24) S Johnny Shaw, West Orange-Stark (2015) — Shaw isn't as fluid as a player like Hall, and while he's probably a bit faster in a straight line than Hall is, that limits his ceiling as a cover guy. But Shaw absolutely wrecks shop as a physical, fill-the-alley type safety, something Texas could use more of.

25) DT Jake McMillon, Abilene (2014) — As a defensive end with 255-plus pounds on his frame already, McMillon likely projects best as a defensive tackle at the next level. It could be a really good fit. McMillon is currently a plus athlete for an interior guy, and with his motor and the way he uses his hands, he'll have a shot to develop.

26) P Corbin Daly, Ardrey Kell (N.C.) (2014) — It might seem strange to have a punter ahead of so many position players, but that says more about Daly than it does about the others. He has a fantastic leg and really flashed the potential to be an elite punter at Texas camp.

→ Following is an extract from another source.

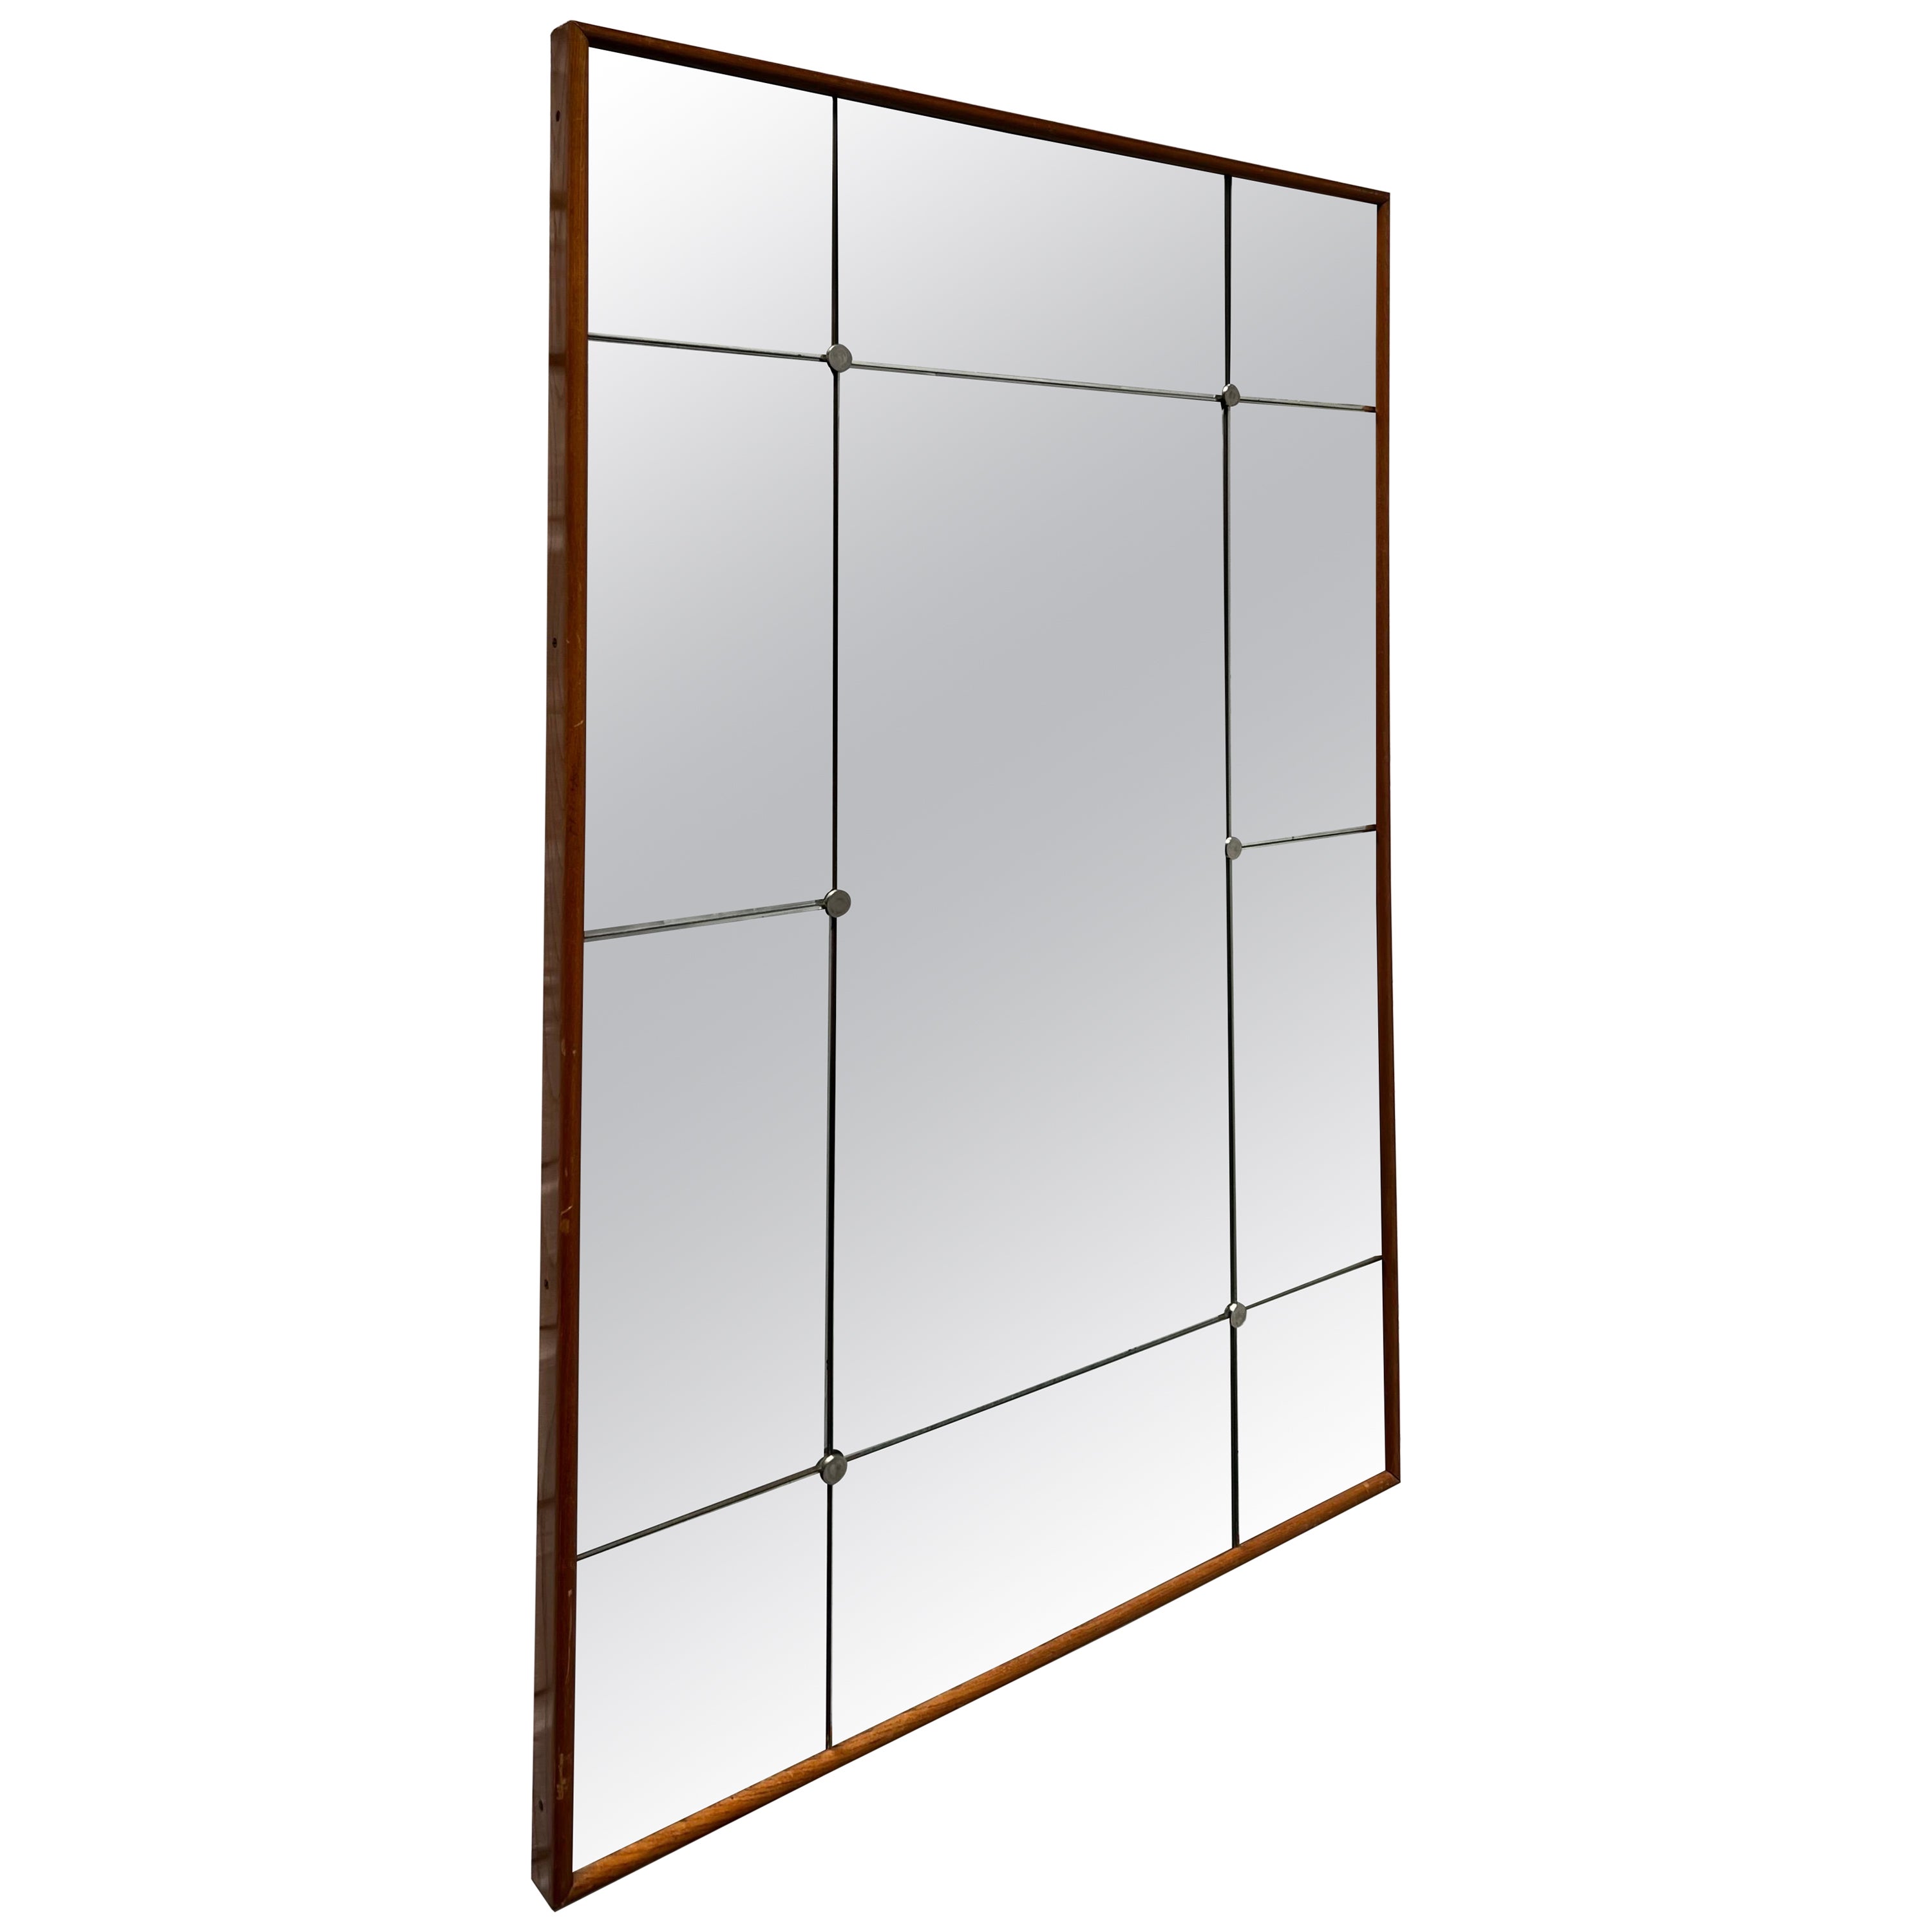 Classic Swedish pine 1940s Mirror with cut edge + metal joinery, 91.5 X 61.5 cm

27) TE John Thomas, Trinity Valley C.C. (2014) — A four-star prospect out of high school, Thomas was ranked among the nation's best tight ends. Now, he's significantly bigger, and he has the chance to be the balanced tight end that the Longhorns have been looking for.

28) LB Cameron Hampton, Dallas Carter (2014) — With his quickness, Hampton could factor in early at Texas. Or, because of his lack of ideal bulk, he could get swallowed up. He isn't as rangy as some other guys, and doesn't have the instincts of Beck.

29) RB D'Onta Foreman, Texas City — The physical stuff — he's 217 pounds and ran 4.44 at Texas camp — is there. But he's not always a natural runner. Could he be destined for a position switch?

30) CB Jalen Campbell, Corpus Christi Flour Bluff (2015) — A better football player than athlete at this point, Campbell is a smooth cover corner who needs to work on his explosiveness and speed. Reads the game well, which allows him to compensate for lack of deep speed.

31) DT Bryce English, DeSoto (2015) — Here's the problem with a list like this. Everyone I've talked to says English is a player. And by putting him at No. 32, it seems like he isn't. Powerful, with a low center of gravity, English could stand to grow a few inches. If he does, look out.

32) OG Aaron Garza, Sherman (2015) — Garza could be a highly effective guard at the next level because of his short-area power. He isn't quite as mobile as the other linemen on this list.

33) DT Courtney Garnett, St. Augustine (La.) (2014) — Garnett isn't as strong as some of the defensive tackles on this list, nor as quick as the others. But with time in a college weight program, he could come around.